Links to status of children legislation and relevant provisions in other succession law statutes are listed below for interest. In some states the legislation is not retrospective.
- Status of Children Act 1996 (NSW), sections 5 and 6;
- Status of Children Act 1978 (QLD), s 6;
- Status of Children Act 1974 (VIC), sections 3 and 4;
- Status of Children Act 1974 (TAS), sections 3 and 4;
- Status of Children Act 1978 (NT), s 4;
- Parentage Act 2004 (ACT), sections 38, 39 and the Wills Act 1968 (ACT), s 31A;
- Wills Act 1970 (WA), s 31, under the part “Illegitimacy”;
- Family Relationships Act 1975 (SA), s 6.

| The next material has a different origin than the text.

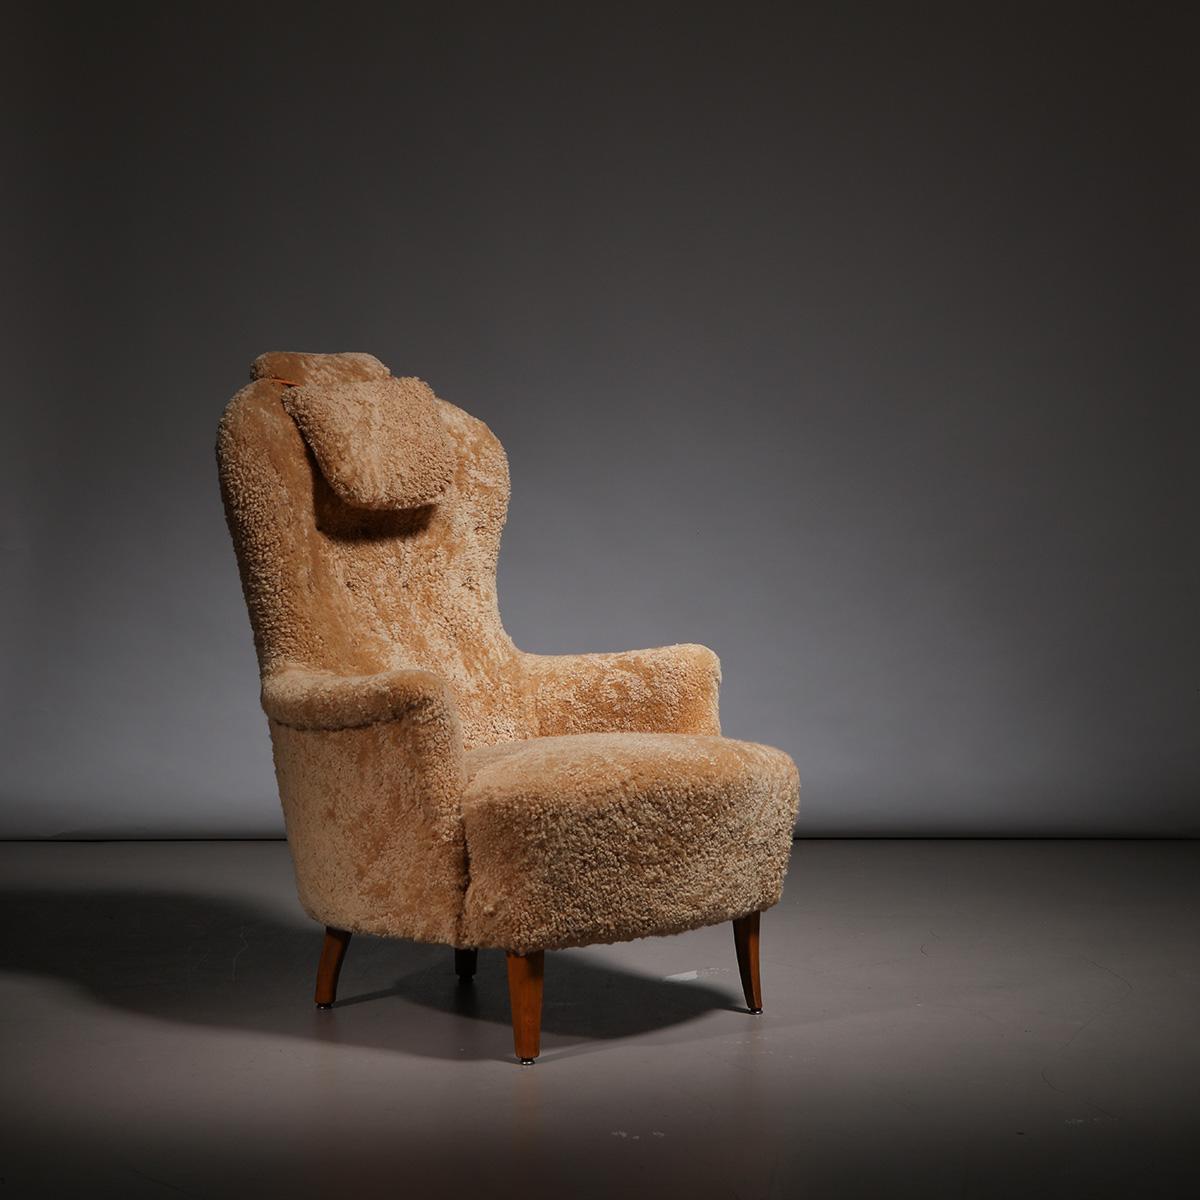 Armchair in honey sheepskin, model “Farmor”, designed by the Swedish designer Carl Malmsten and manufactured by O.H. Sjögren in Sweden, 1950s.

The iconic

Before legislative amendments
Once it was that inheritance rights for illegitimate children were not recognised under succession law. The status of being illegitimate was a ‘legal disability’ affecting an illegitimate child’s ability to inherit, and they were not treated the same as legitimate children in this respect. A gift in a will to “my children” would be distributed among legitimate children and any illegitimate children would miss out. It would only be if the willmaker specifically named an illegitimate child in the will and made it clear by its terms that they intended the ex-nuptial child to take the gift.